IT related Discussion


Task 1: 200-250 words with references

Why is outlier mining important? Briefly describe the different approaches behind statistical-based outlier detection, distanced-based outlier detection, density-based local outlier detection, and deviation-based outlier detection.

Task 2: 200-250 words with references

A group of students are linked to each other in a social network via advisors, courses, research groups, and friendship relationship. Present a clustering method (data mining related) that may partition students into different groups according to their research interest.

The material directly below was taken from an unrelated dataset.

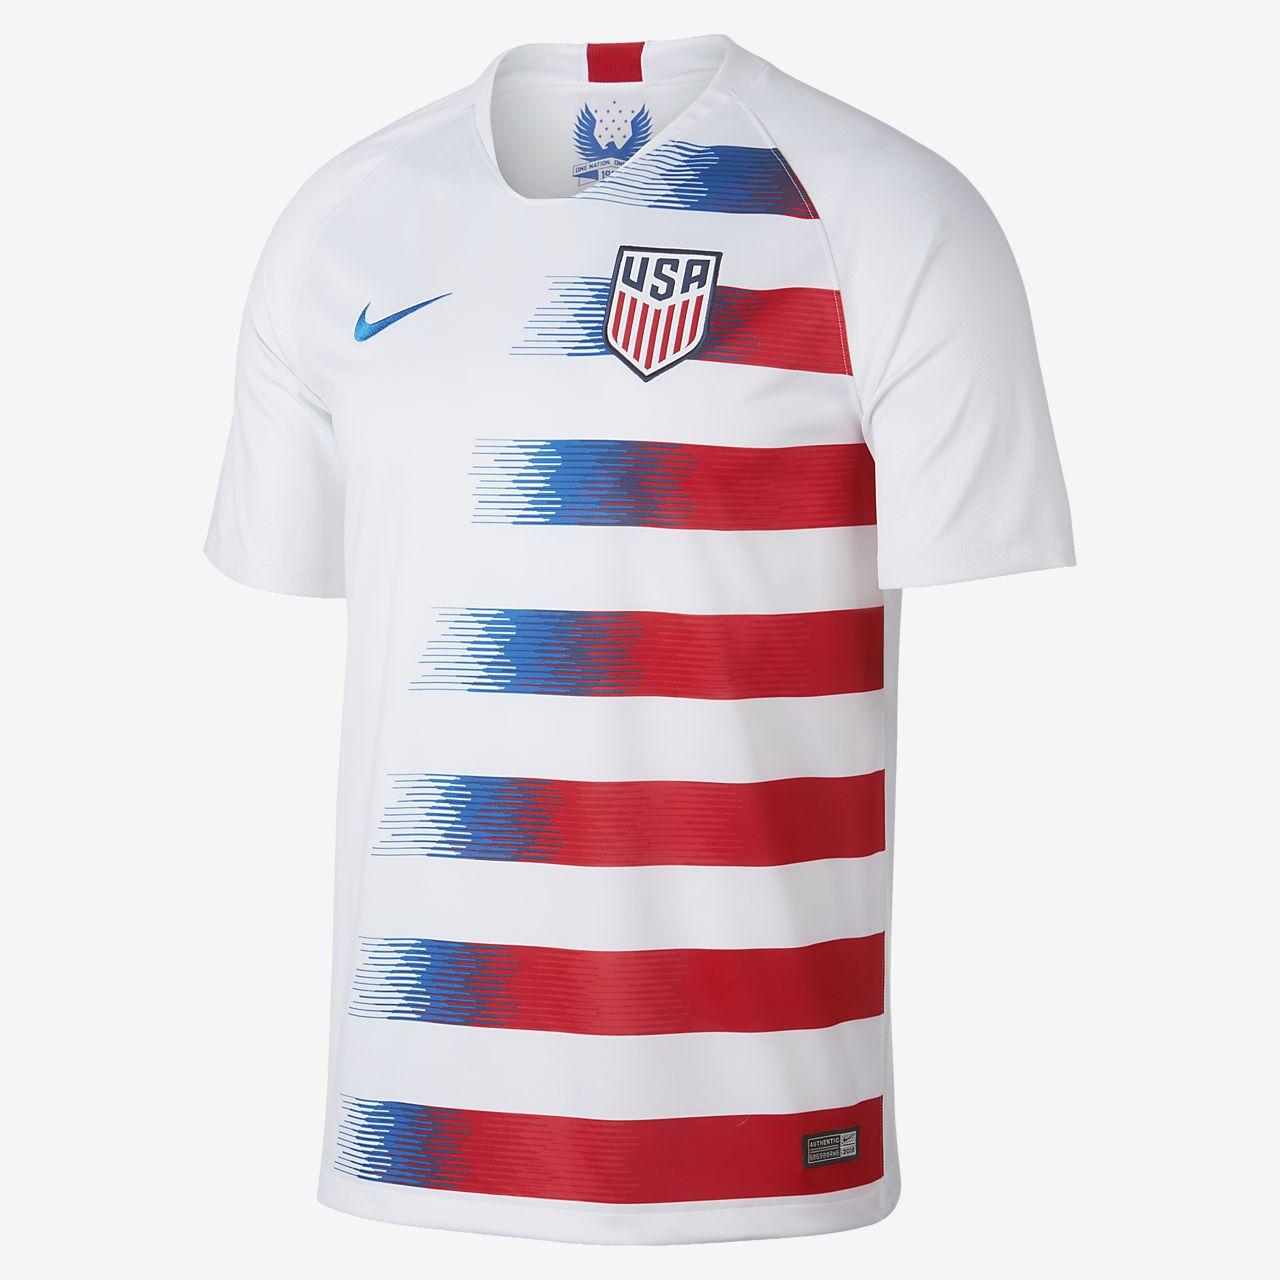 Nike USA Breathe Stadium Jersey - Men's Soccer - White/Speed Red/Blue Nebula

Task 3: 200-250 words with references

What are the differences between visual data mining and data visualization? Data visualization may suffer from the data abundance problem. For example, it is not easy to visually discover interesting properties of network connections if a social network is huge with complex and dense connections. Propose a visualization method that may help people see through the network topology to the interesting features of a social network.

Task 4: 200-250 words with references

An e-mail database is a database that stores a large number of electronic mail (e-mail) messages. It can be viewed as a semi-structured database consisting mainly of text data. Discuss the following:

a. What can be mined from such an e-mail database?

b. Suppose you have roughly classified a set of your previous e-mail messages as junk, unimportant, normal, or important. What type of data mining problem or problem is/are this? Describe how a data mining system may take this as the training set to automatically classify new e-mail messages or unclassified ones.

Task 5: 200-250 words with references

Suppose that your local bank has a data mining system. The bank has been studying your credit and debit card usage patterns. Noticing that you make many transactions at home renovation stores, the bank decides to contact you, offering information regarding their special loans for home improvements. Discuss how this may conflict with your right to privacy.